» **Problem to work on**
Here is the task for the listing below: output exactly the lines from the one containing "Beautiful modern room-size" through the one containing "Our rugs are professional cleaning", and leave out the pictures.

» **Records supplied**
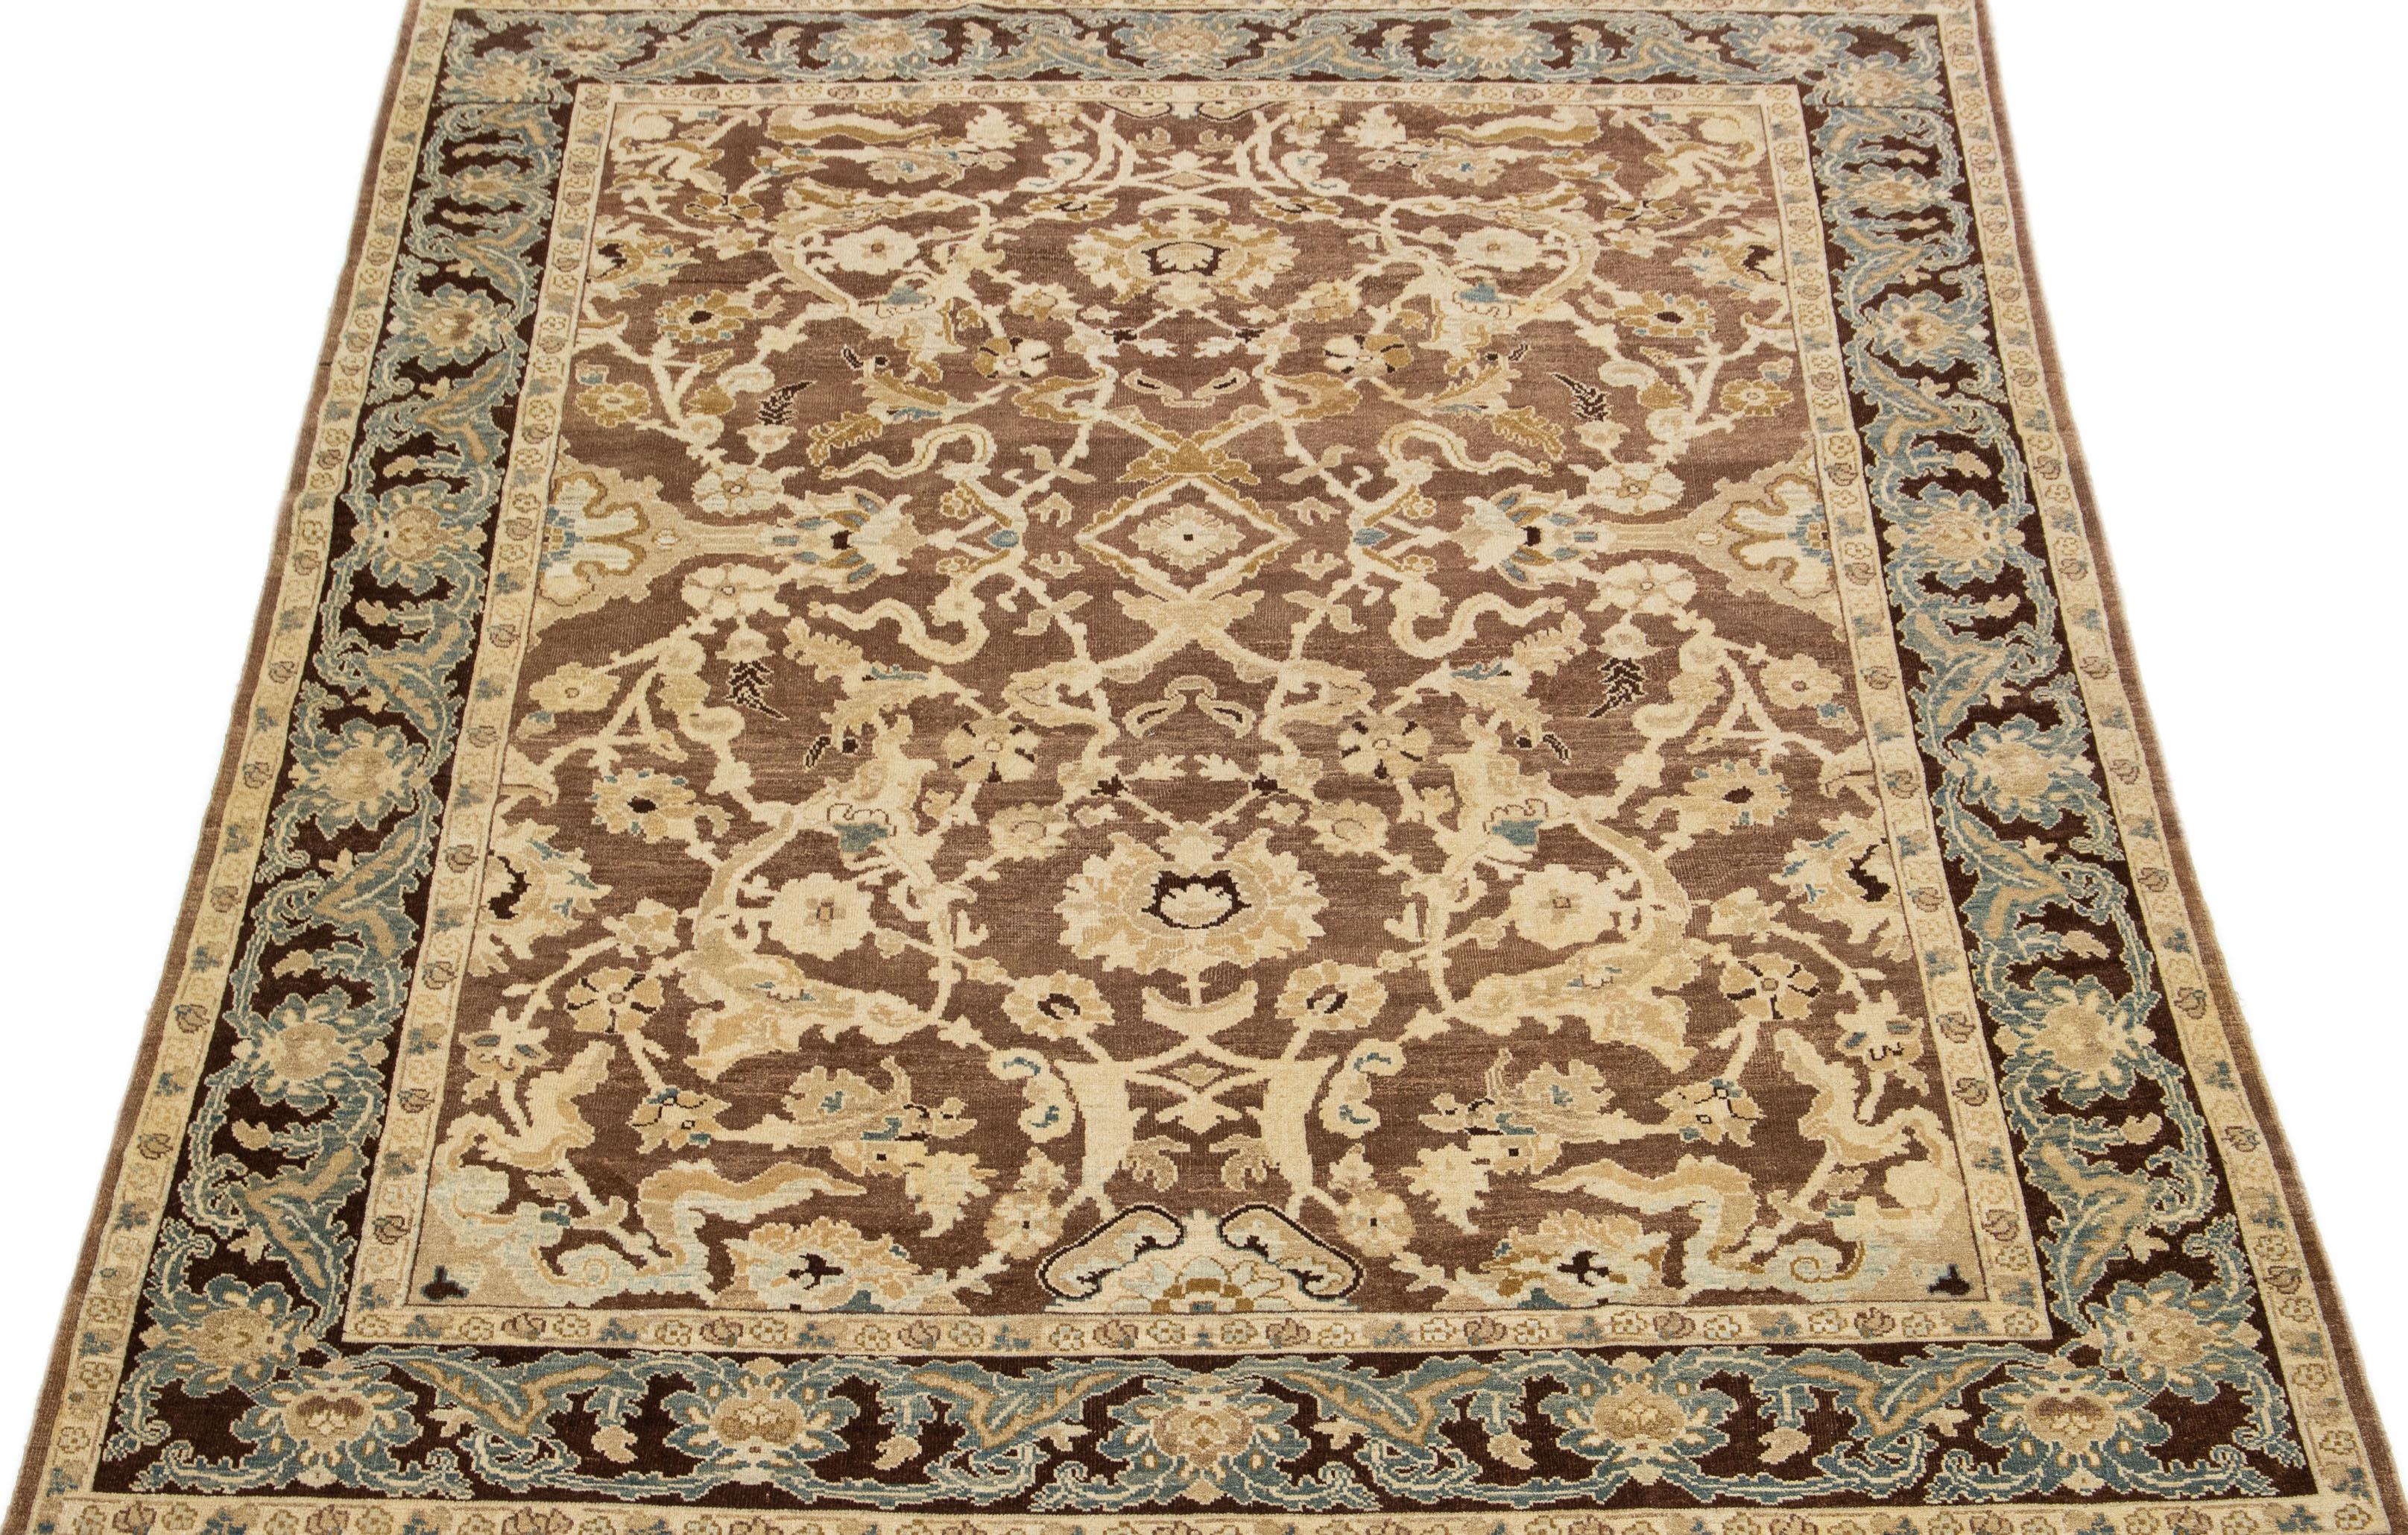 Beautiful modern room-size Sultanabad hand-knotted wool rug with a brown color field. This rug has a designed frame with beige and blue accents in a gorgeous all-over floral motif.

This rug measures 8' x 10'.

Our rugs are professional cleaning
...
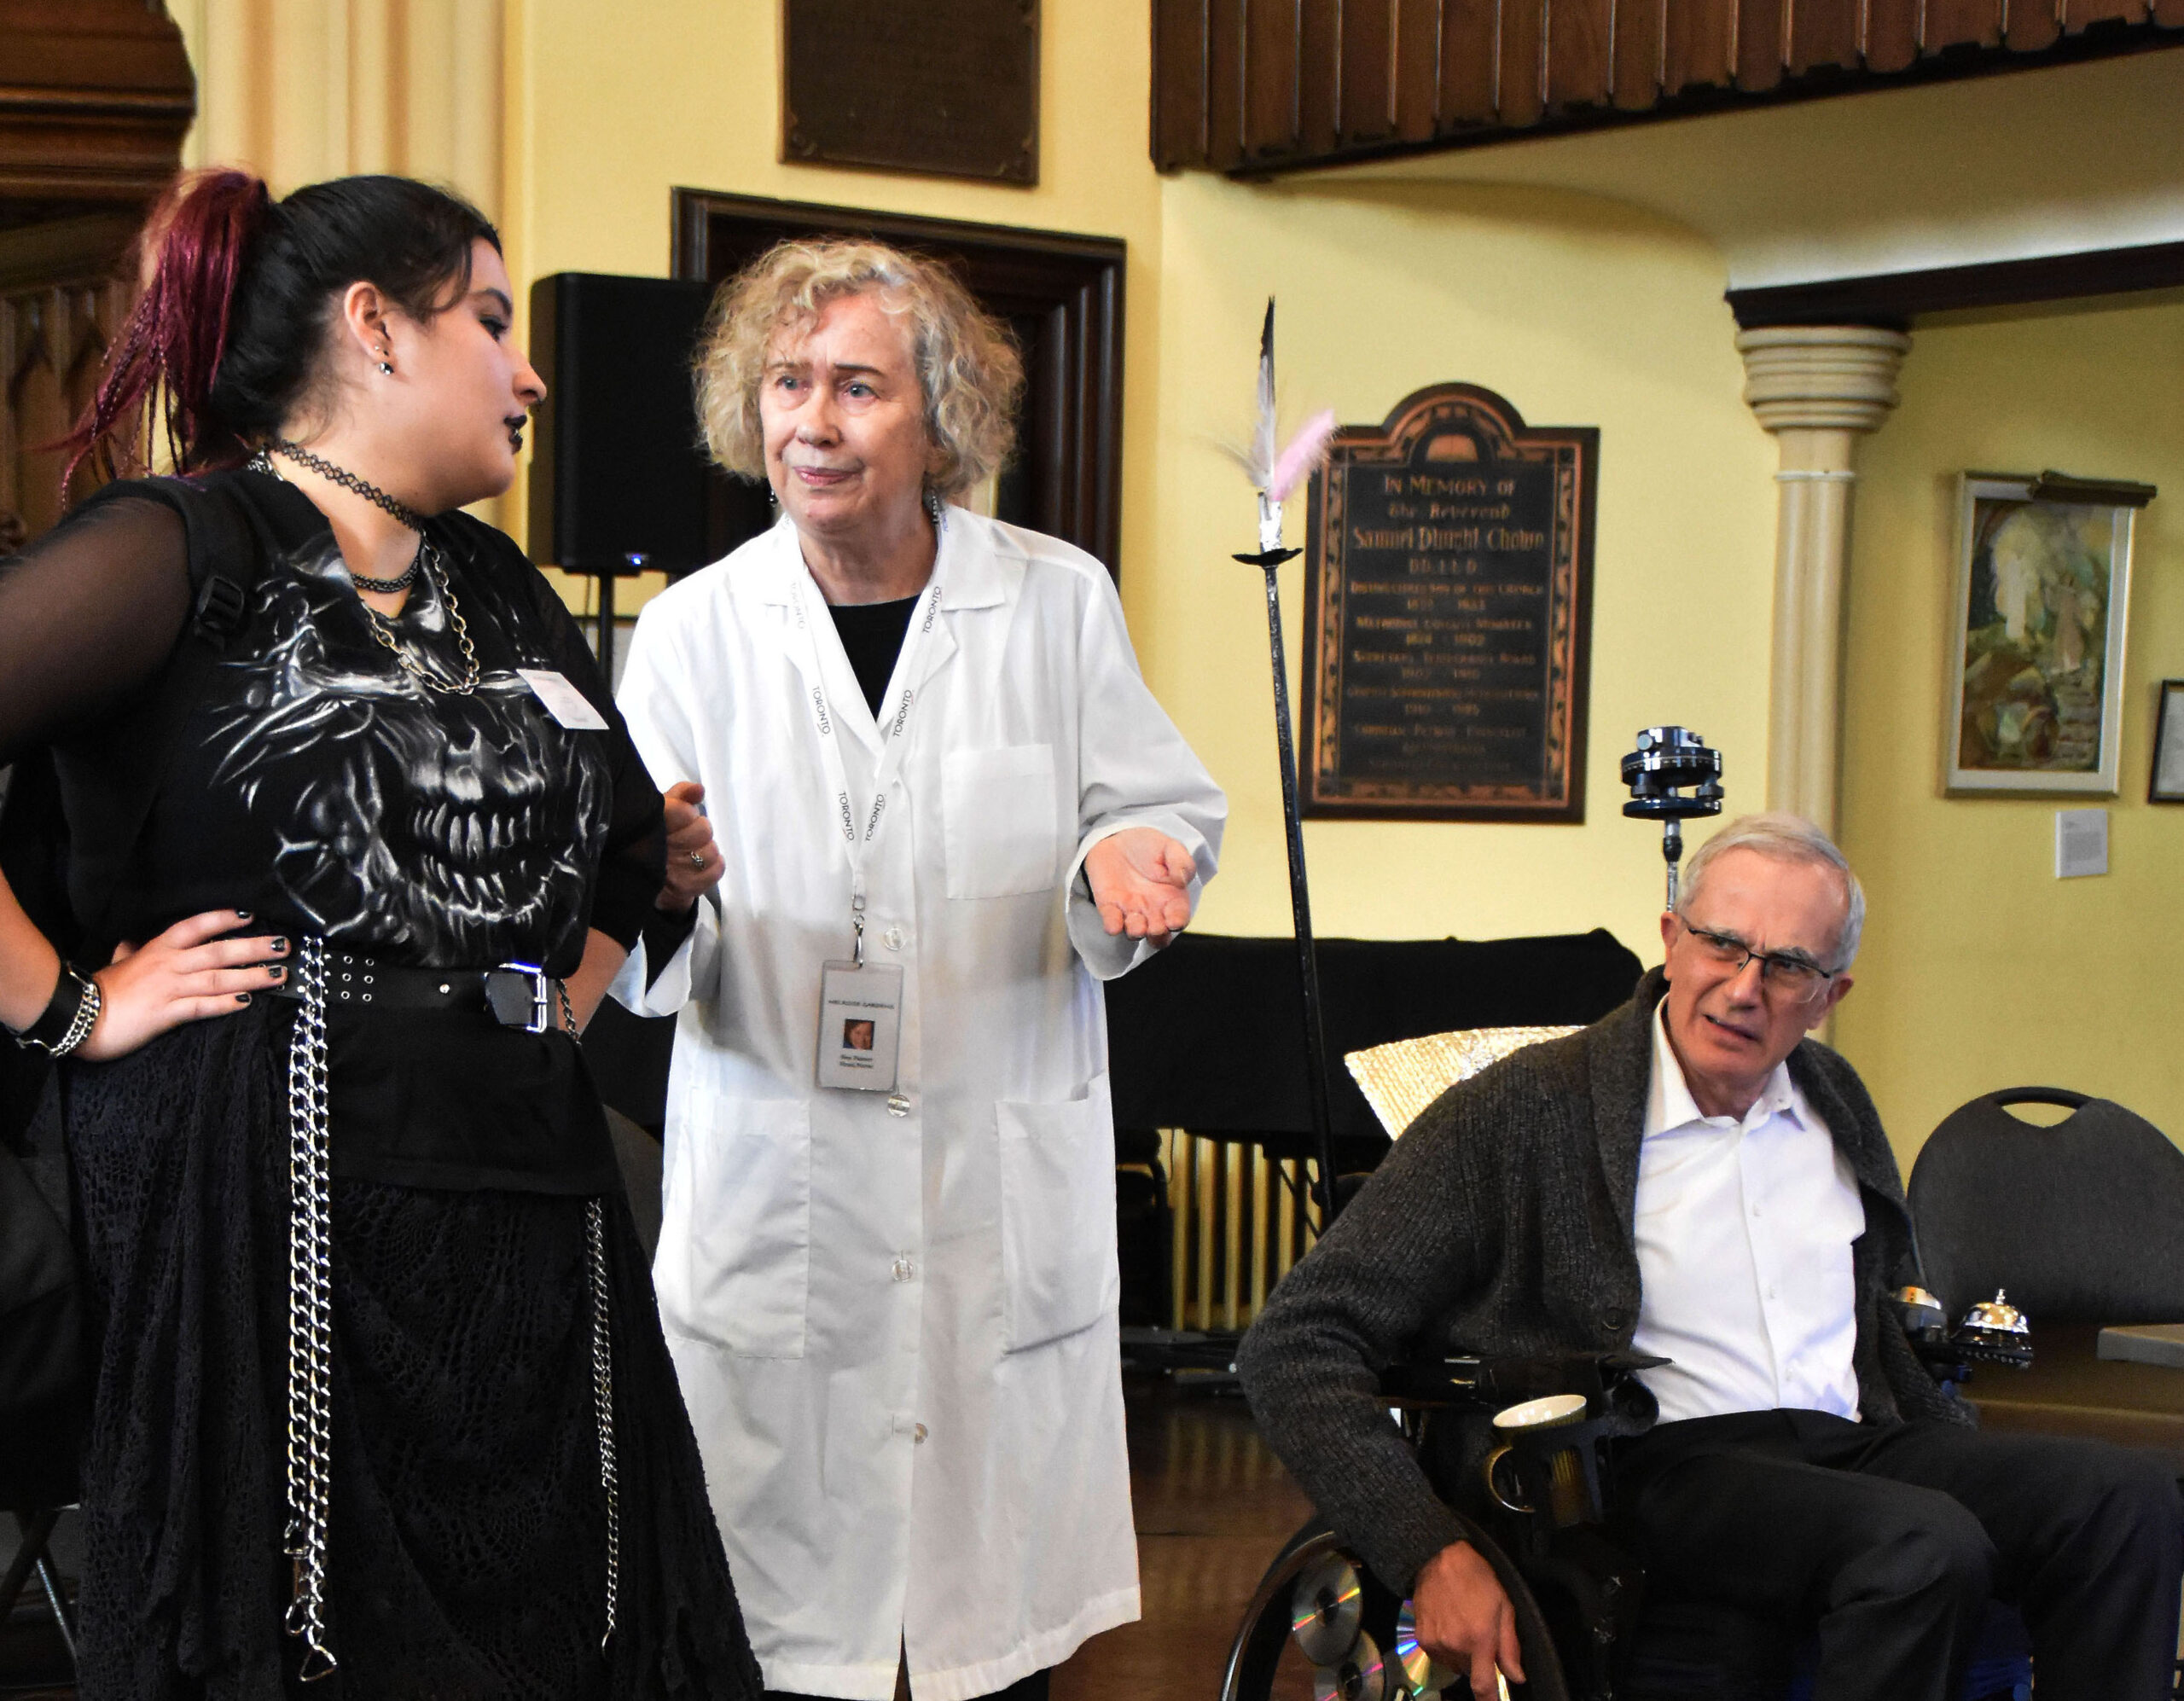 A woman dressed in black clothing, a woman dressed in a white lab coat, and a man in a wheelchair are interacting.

» **Written answer**
 Beautiful modern room-size Sultanabad hand-knotted wool rug with a brown color field. This rug has a designed frame with beige and blue accents in a gorgeous all-over floral motif.

This rug measures 8' x 10'.

Our rugs are professional cleaning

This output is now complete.